Exercise directions:
A verbatim copy of the data is wanted, minus any picture in it.
++++ Available data
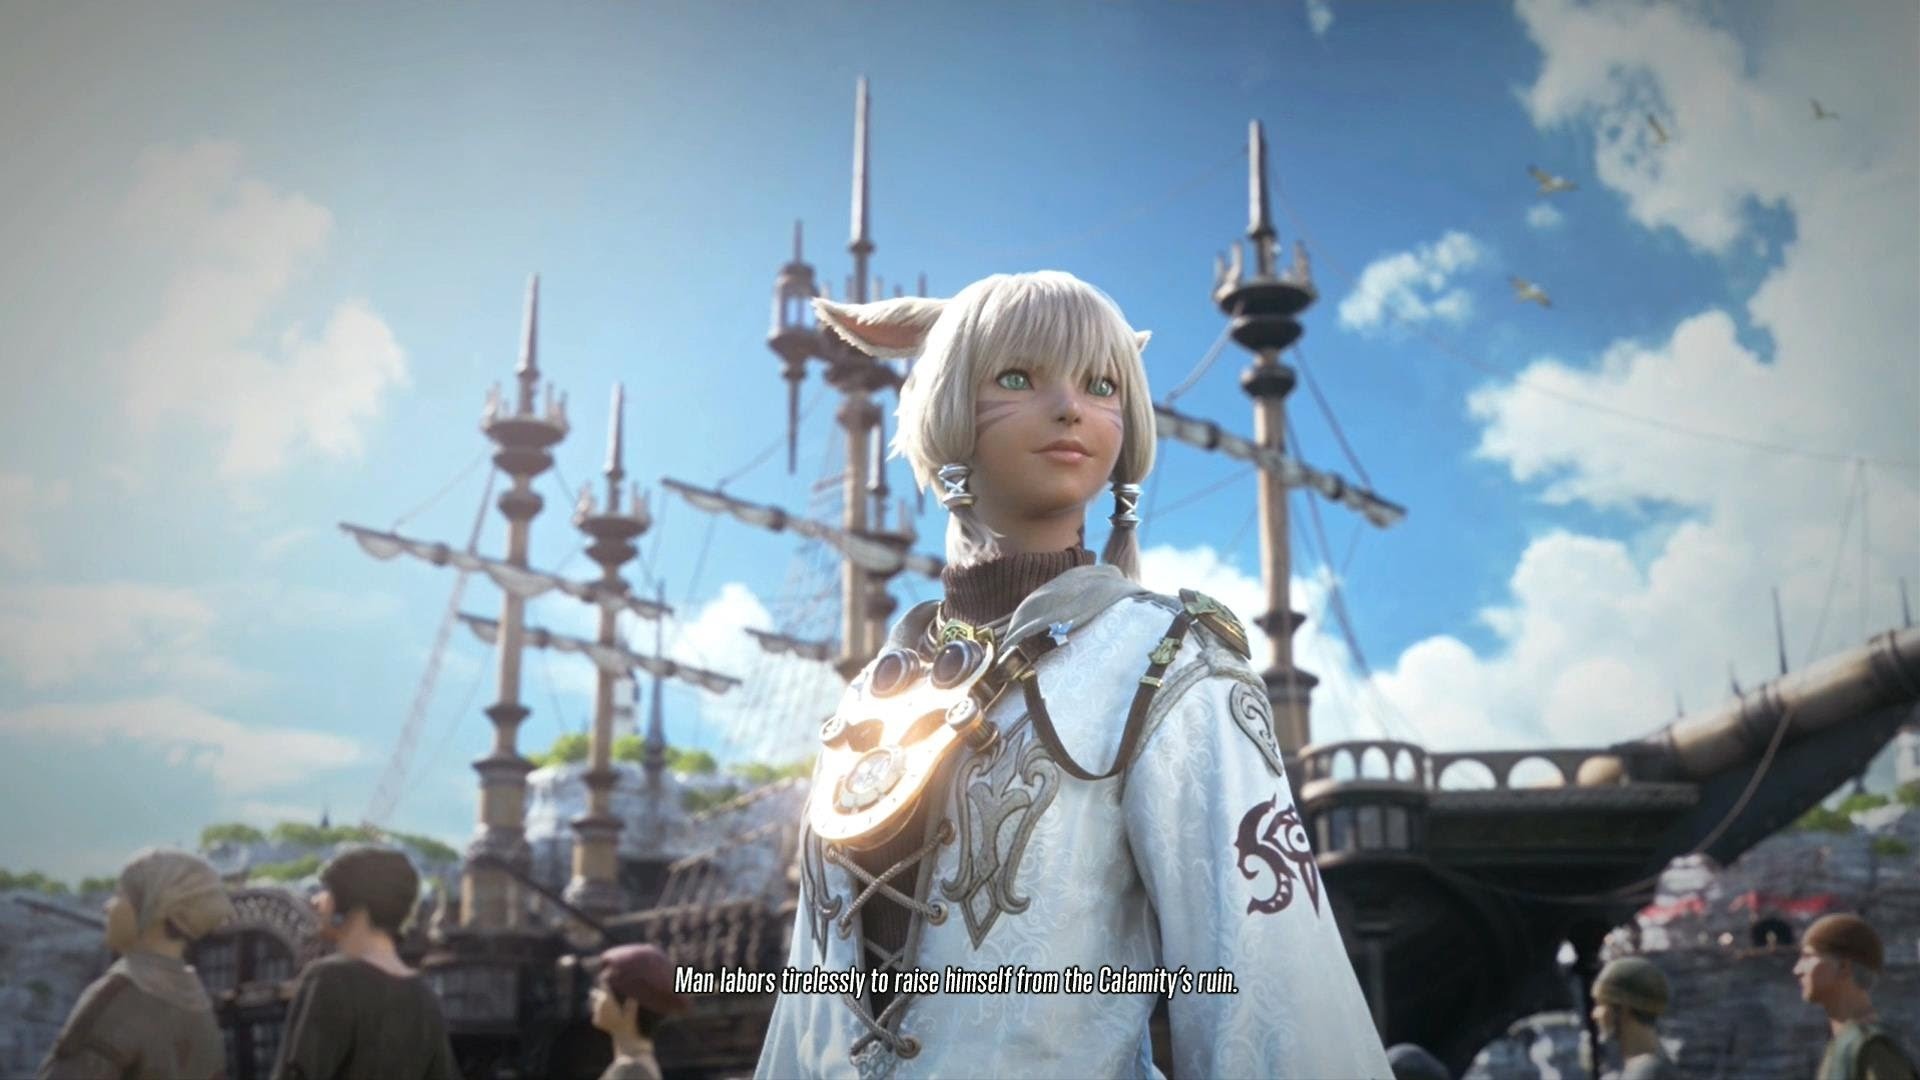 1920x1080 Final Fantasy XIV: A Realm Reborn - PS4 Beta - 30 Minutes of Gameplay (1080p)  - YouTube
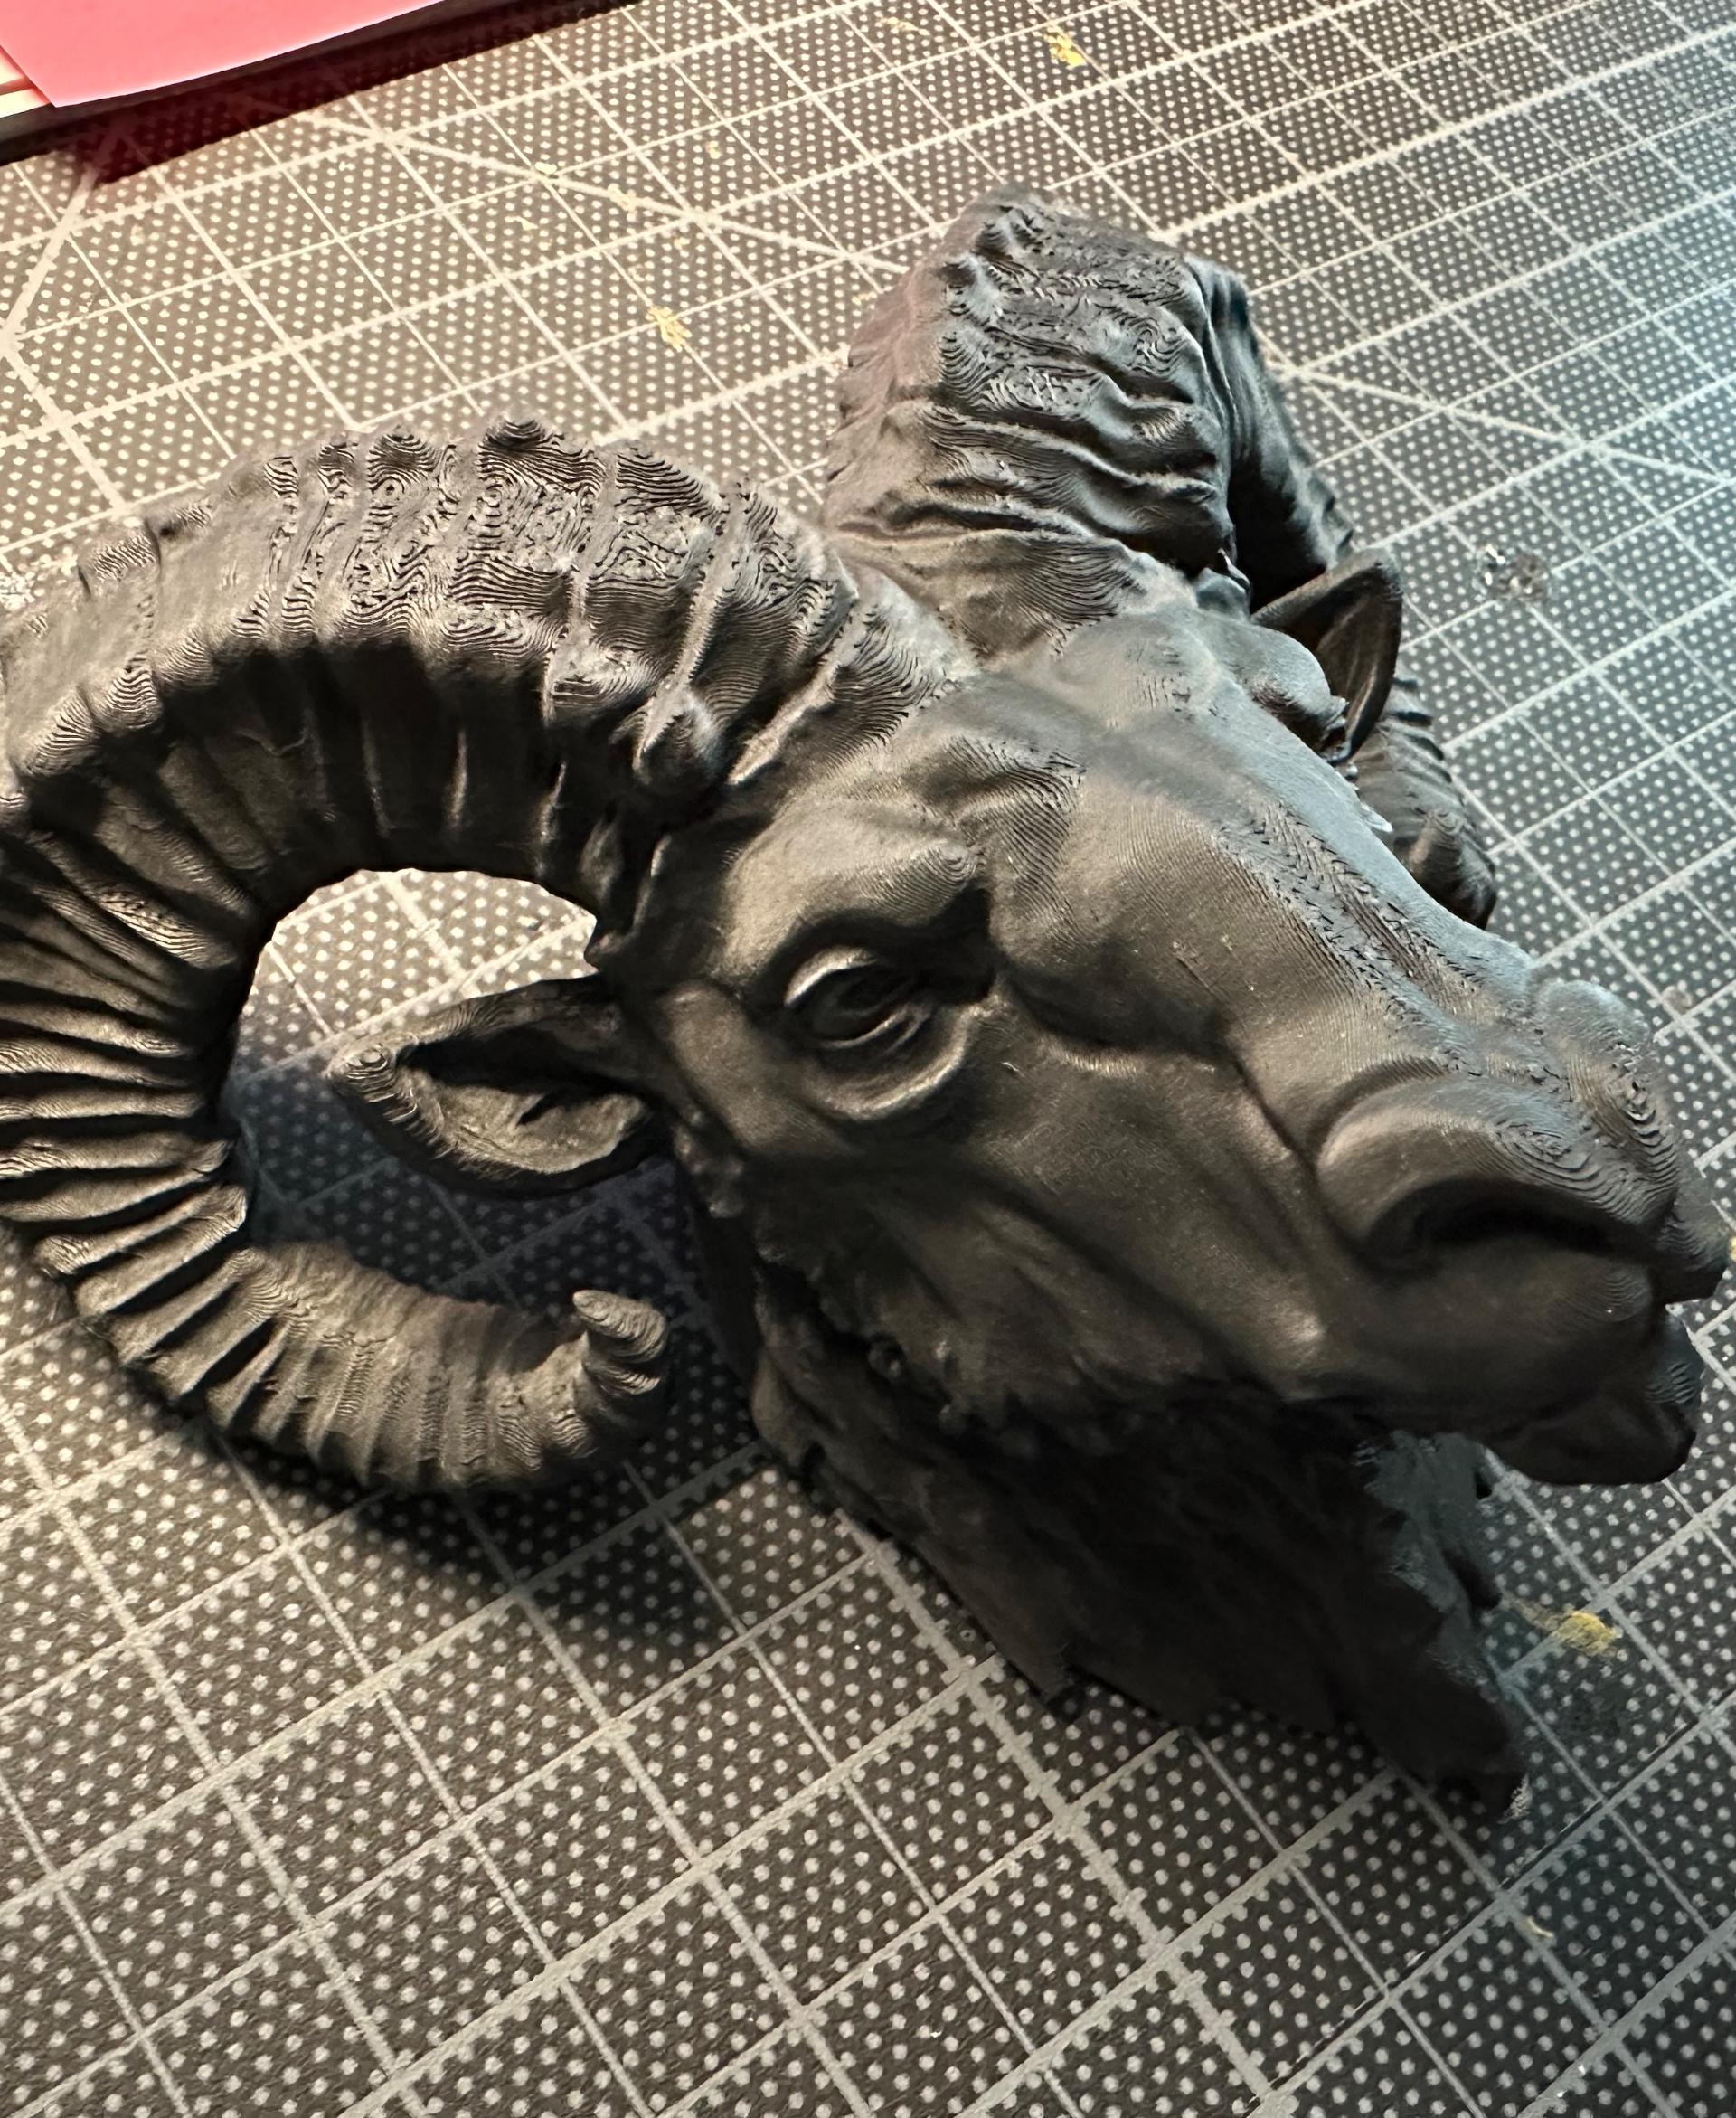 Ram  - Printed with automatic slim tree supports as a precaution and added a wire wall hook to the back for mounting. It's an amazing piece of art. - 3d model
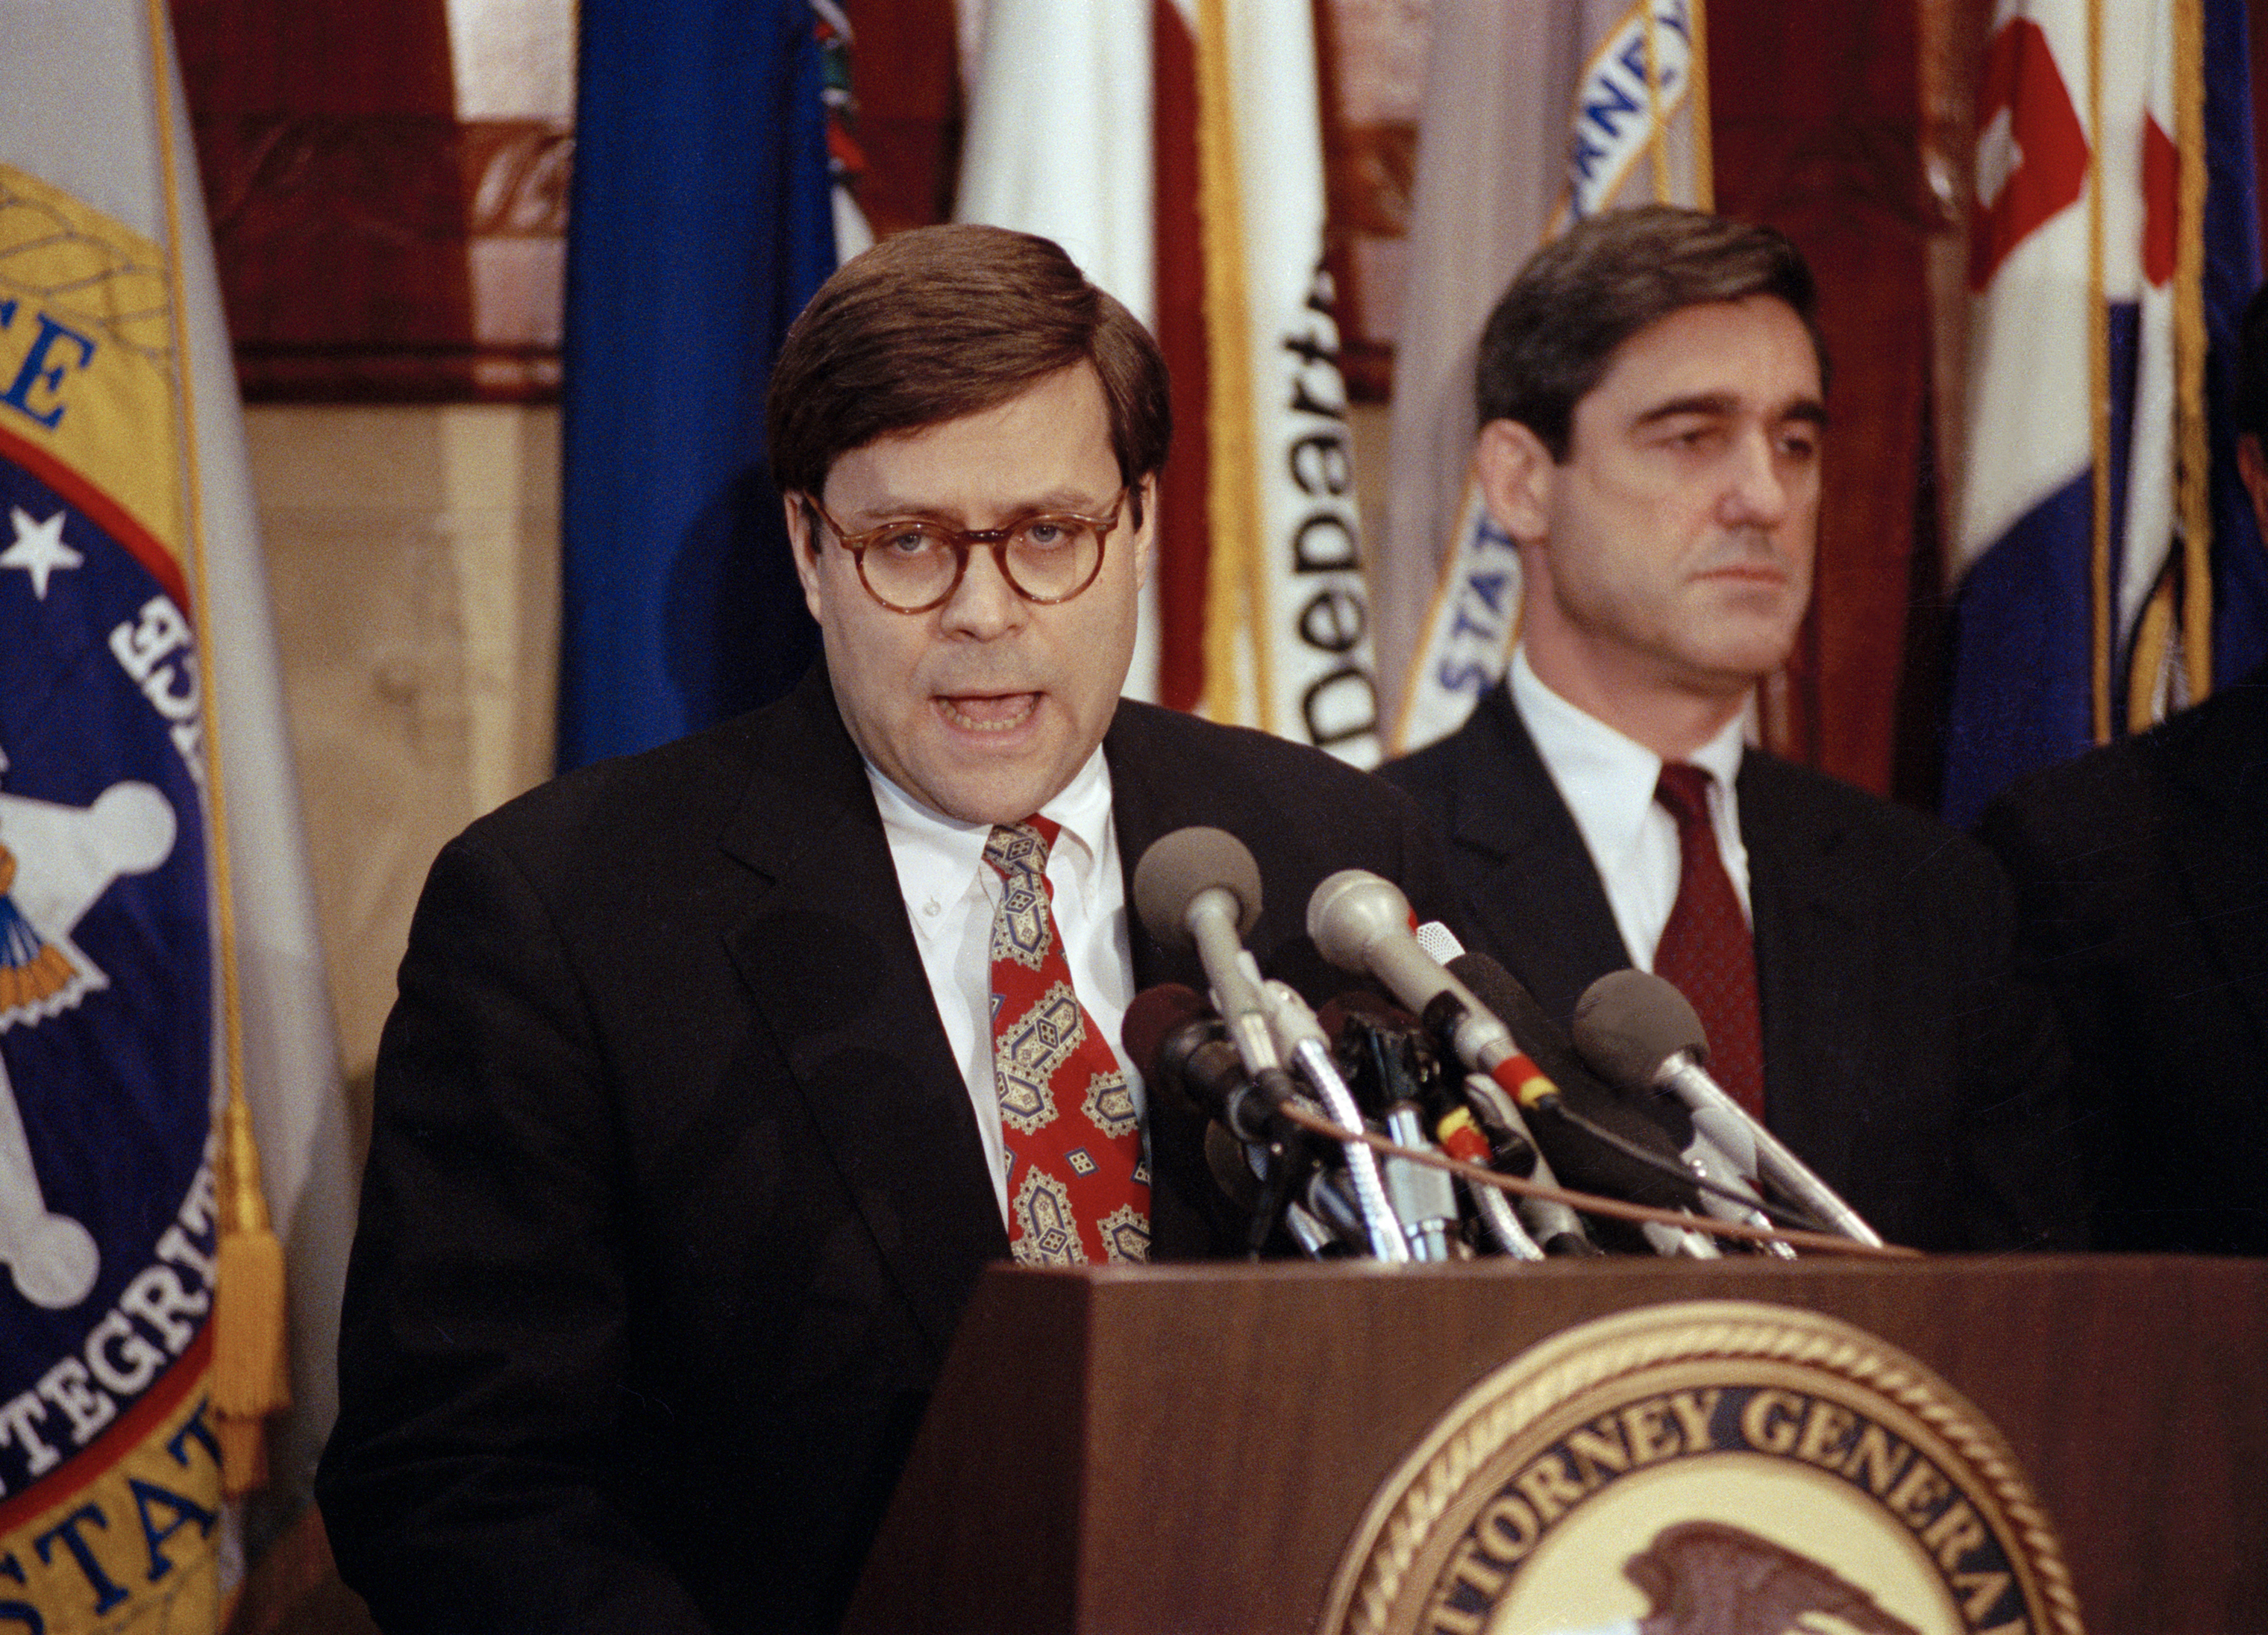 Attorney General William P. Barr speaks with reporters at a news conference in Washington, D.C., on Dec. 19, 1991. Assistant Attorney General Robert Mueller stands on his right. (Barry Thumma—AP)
++++++++
Your response:
 1920x1080 Final Fantasy XIV: A Realm Reborn - PS4 Beta - 30 Minutes of Gameplay (1080p)  - YouTube
 Ram  - Printed with automatic slim tree supports as a precaution and added a wire wall hook to the back for mounting. It's an amazing piece of art. - 3d model
 Attorney General William P. Barr speaks with reporters at a news conference in Washington, D.C., on Dec. 19, 1991. Assistant Attorney General Robert Mueller stands on his right. (Barry Thumma—AP)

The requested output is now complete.